Olhado deste ângulo, este deslocamento não corresponde a um processo de desenvolvimento urbano, mas apenas a um movimento baseado em novas dimensões da atividade imobiliária, em interesses econômicos e especulativos condizentes com a transformação produtiva vivida pela metrópole. O eixo de movimentação das atividades centrais rumo a estes novos espaços, dirigiu-se no final dos anos 50 e durante a década de 60 para região da avenida Paulista, e caminhou na década de 70 para o sudoeste, consolidando novos setores, tais como, a avenida Faria Lima, a região do Itaim, alcançando as avenidas marginais ao rio Pinheiros, as regiões das avenidas Luiz Carlos Berrini e Verbo Divino, nos anos 80 e 90. Esta cronologia é obviamente relativa, pois o processo foi, sobretudo nos anos 70 e 80, concomitante.
A migração das funções centrais para estes novos nichos tem papel importante na organização funcional de São Paulo, sendo também um dado indispensável para a análise da reestruturação metropolitana atual. Embora, a origem e o desenvolvimento deste processo seja muito anterior aos anos 80, é a partir da conjuntura daquela década que o processo de explicita. A marcha das atividades centrais e do capital imobiliário rumo ao sudoeste do município de São Paulo, tem sido objeto de trabalhos acadêmicos e institucionais. Alguns autores apontaram o percurso desenvolvido pelas funções centrais como o resultado de um forte tropismo exercido pelo estabelecimento de grupos de elite que já haviam ocupado os bairros residenciais da região desde os anos 50.
Trata-se de uma hipótese correta e amparada em dados que a confirmam. No entanto, apesar do curso deste deslocamento ter permanecido fiel ao eixo centro-sudoeste do município, ao longo de cinco décadas, há distinções intrínsecas a cada um dos deslocamentos. Hoje vemos que os vultosos investimentos que o poder público fez nas décadas de 80 e 90 na infraestrutura viária deste setor, sobretudo através da construção de túneis, vias expressas e enormes pontes que facilitam o acesso para os moradores da própria região sudoeste, criaram situação favorável para os novos usuários e moradores dos bairros nobres situados na região. Confirmam esta observação o perfil das obras realizadas, do tipo de veículo que permitido circular, dos horários de direcionamento dos fluxos.

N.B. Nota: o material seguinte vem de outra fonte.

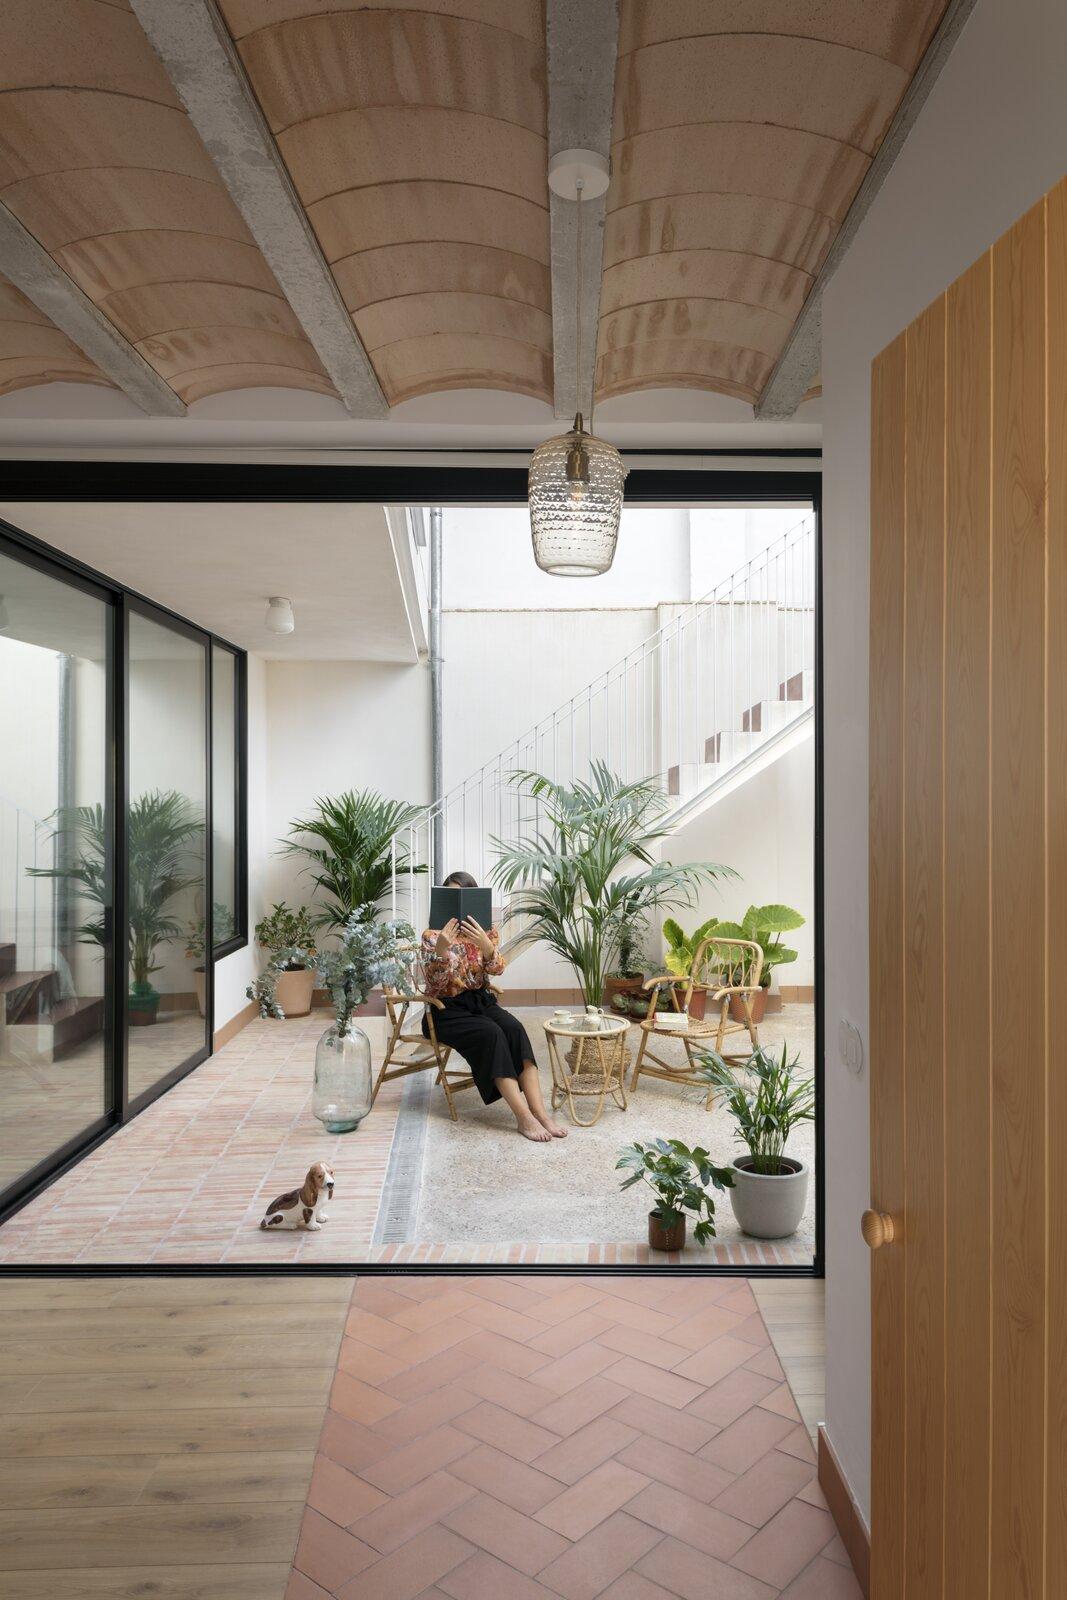 La Casa del Canto courtyard

Conclusão: a metrópole de São Paulo é agente e não reflexo das transformações
A articulação entre a evolução urbana de São Paulo e as dinâmicas que atuam neste momento no seu território, apontam para a necessidade de adaptação do território ao novo padrão produtivo. Fica patente que a metrópole está neste momento convivendo com demandas urbanas distintas. A primeira corresponde a aspectos do ciclo inconcluso, relacionado ao período da industrialização e urbanização acelerada, baseada no padrão periférico de desenvolvimento. E, a segunda, impulsionada pela nova organização produtiva está exigindo da metrópole uma grande reorganização urbana. São Paulo vive hoje um processo de transformação que a obriga a fazer frente aos dois momentos consolidação de seu território. Neste sentido as principais dinâmicas de transformação são coerentes com o novo padrão produtivo globalizado. E, é claro que a forma que a metrópole e a macro-metrópole estão adquirindo não são meros reflexos deste processo mas um poderoso agente de inserção do país no mundo da economia globalizada.